TOPOGRAPHIC EXPRESSION AND SHALLOW SUBSURFACE ARCHITECTURE OF THE GREAT ESKER, WEYMOUTH, MASSACHUSETTS

Great Esker of Weymouth, Massachusetts, is situated by the southerly border of the Boston Basin and was formed during the retreat of continental ice sheets between 16,000 and 23,000 ybp. The easterly side of the esker is flanked by the Weymouth Back River, a coastal estuary; the westerly side is bounded by anthropogenic development. Currently the esker is preserved as a Town of Weymouth recreation area and hosts over 9 kilometers of recreation trails that cap the localized braided system of eskers.

The esker, and its previous incarnations, are relatively well preserved making it ideal for a study of glacio-depositional frameworks. The study determines episodes of esker building via interpretation of the resultant shallow sub-surface stratigraphy, the linear chronology of such episodes, and the subsequent reworking of the relict features by modern processes.

The team deployed ground penetrating radar (GPR) to determine the subsurface architecture of Great Esker and its contact with surrounding features. The GPR was coupled with realtime kinetic global positioning system (RTK-GPS) equipment for horizontal and vertical control. The data was post-processed and imported into a GIS framework for spatial analysis and integration of LIDAR data, aerial photogrammetry, and surface topography.

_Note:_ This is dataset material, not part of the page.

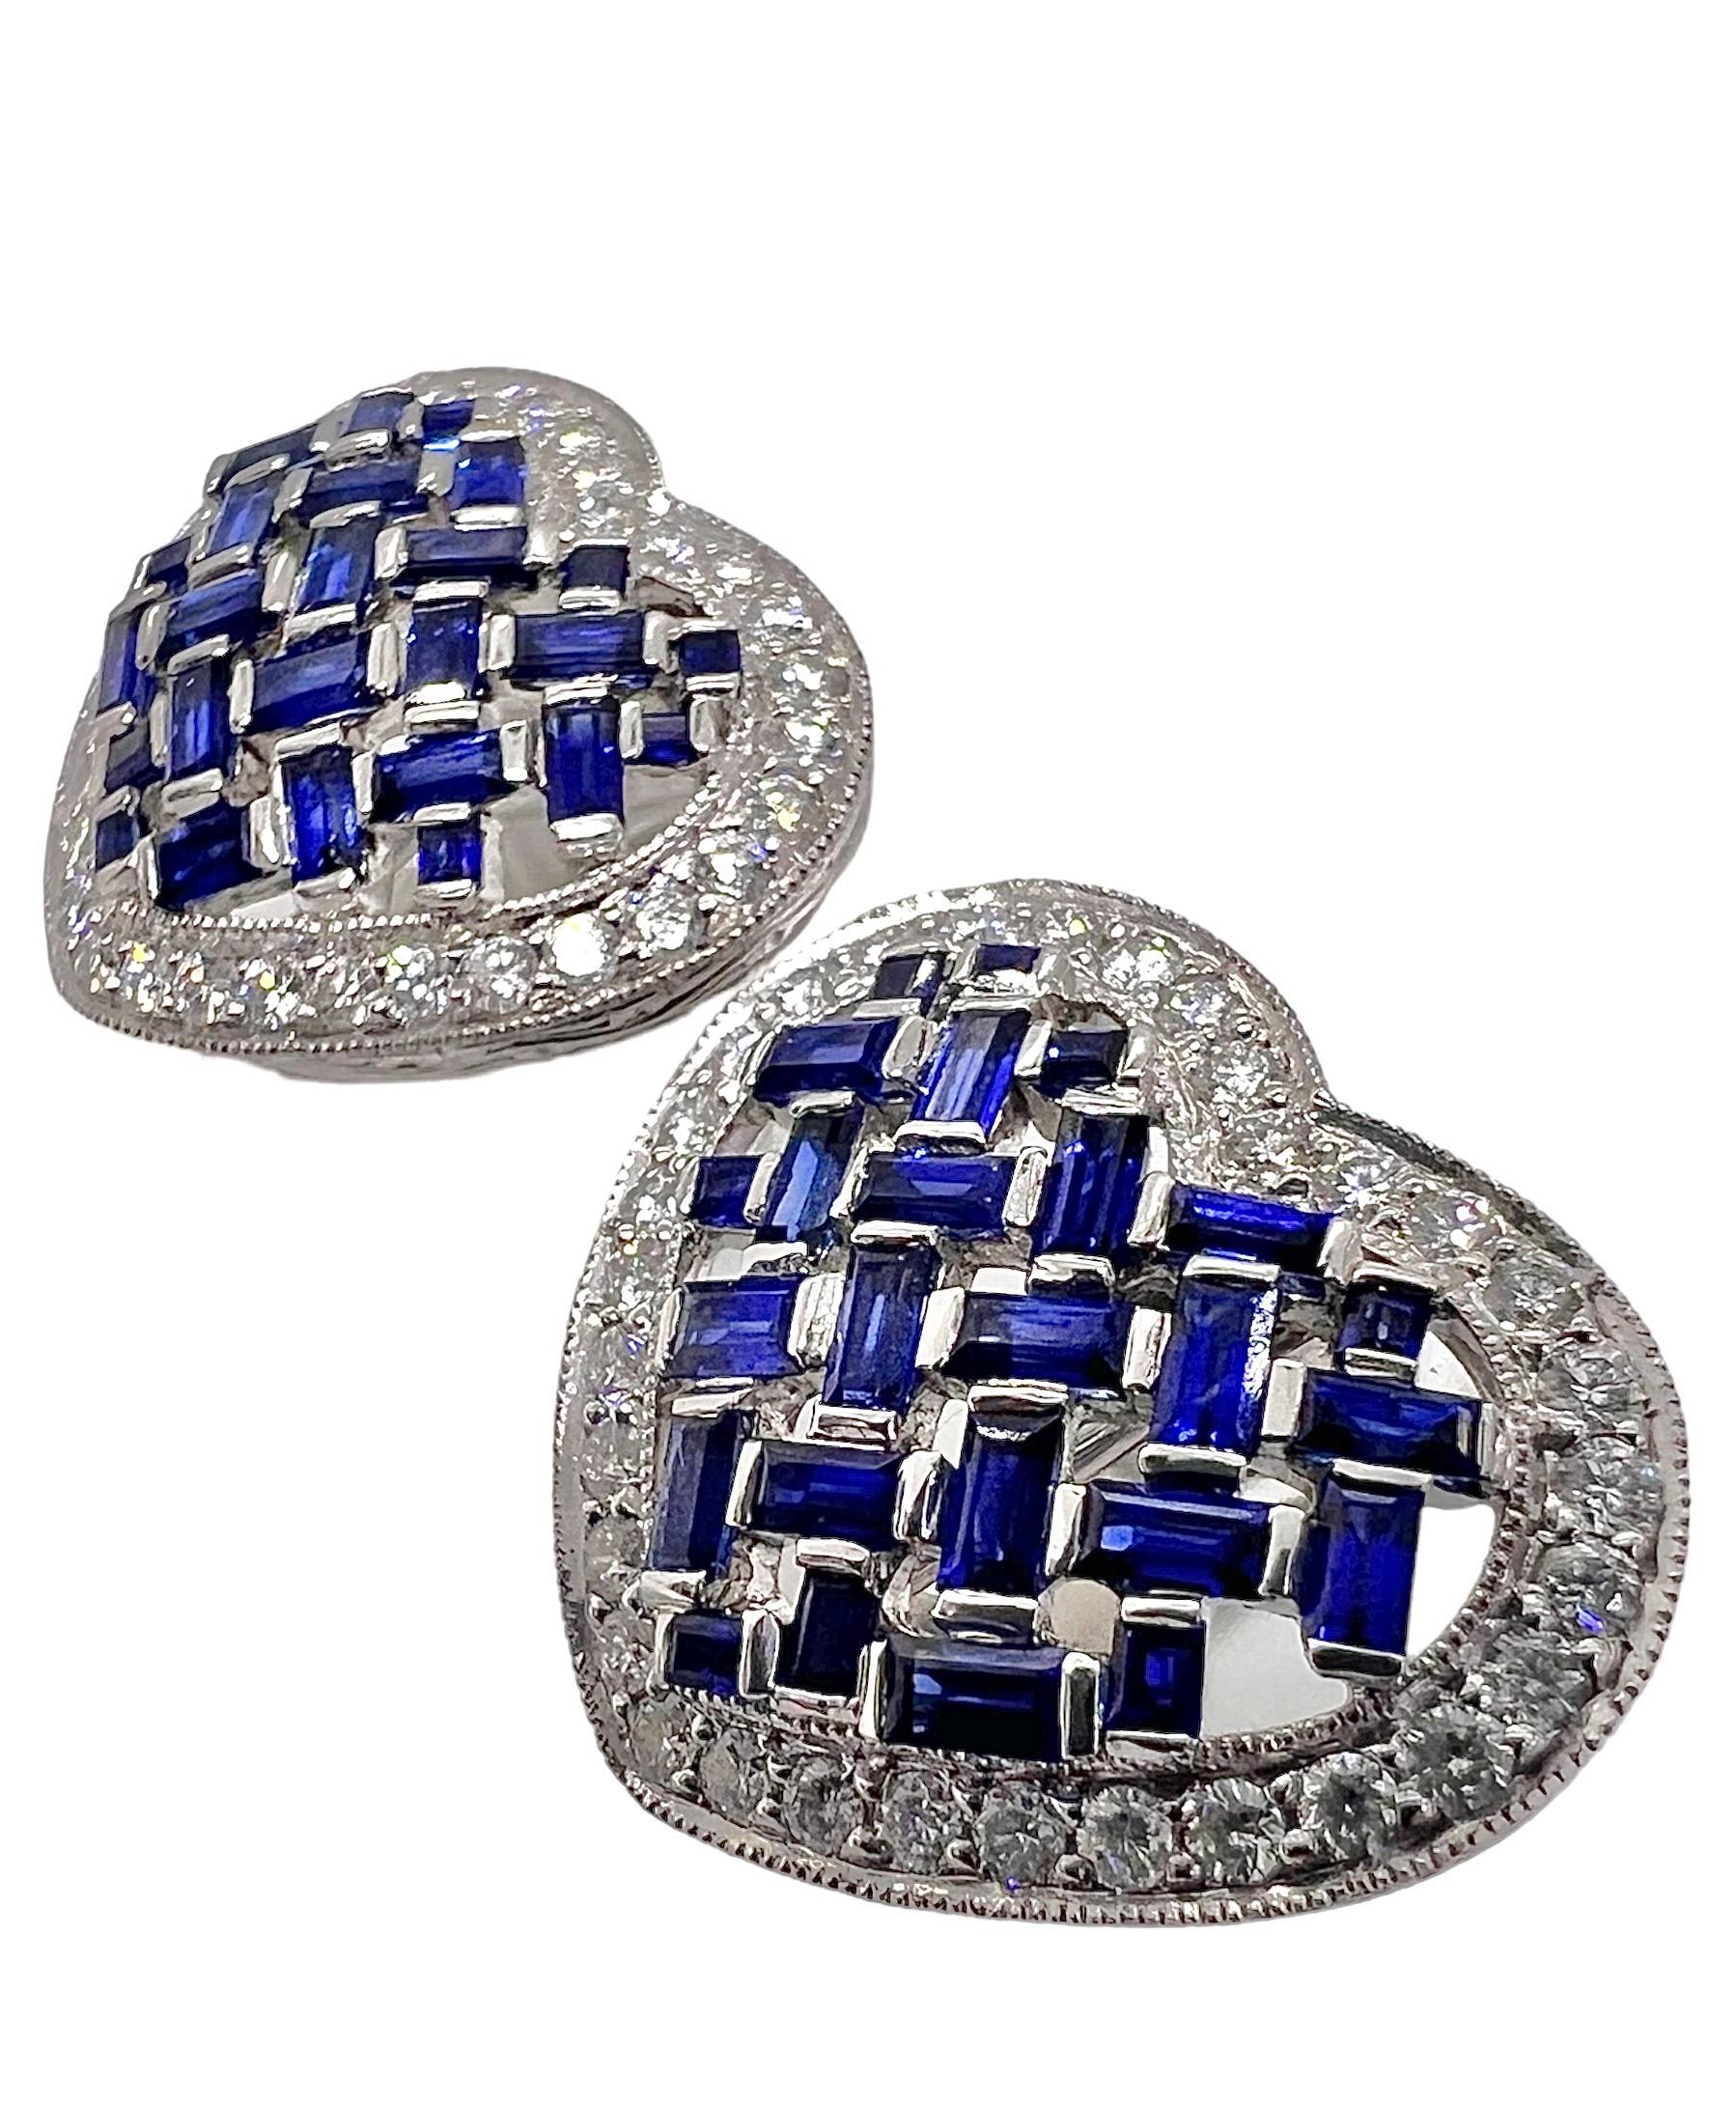 Herzförmige Ohrringe aus Platin mit 1,15 Karat Diamanten und 2,69 Karat blauen Saphiren. 

Sophia D von Joseph Dardashti LTD ist seit 35 Jahren weltweit bekannt und lässt sich vom klassischen Art-Déco-Design inspirieren, das mit modernen

The general orientation of the esker suggests a glacial equipotential plane that orients to the southwest and is in contradiction with the southeasterly alignment suggested by other glacial features, such as the Boston Harbor drumlin field, in the immediate area. The contradiction in direction suggests a major change in the position and progression of the Southeastern Massachusetts, the Cape Cod, and the Narragansett Ice Lobes during the down-wasting associated with glacial retreat approximately 18,000 ybp. Analysis of chatter marks, striae, and erratica fields localized to the esker demonstrate a chronological change in local ice control from continental ice dome to localized topography which corresponds well with the equipotential planes suggested by Great Esker. Spatial analysis reflects multiple periods of esker activity and contemporaneous surrounding structures coupled with erosion by adjacent coastal processes. Analysis of GPR data are in progress and interpretations are pending.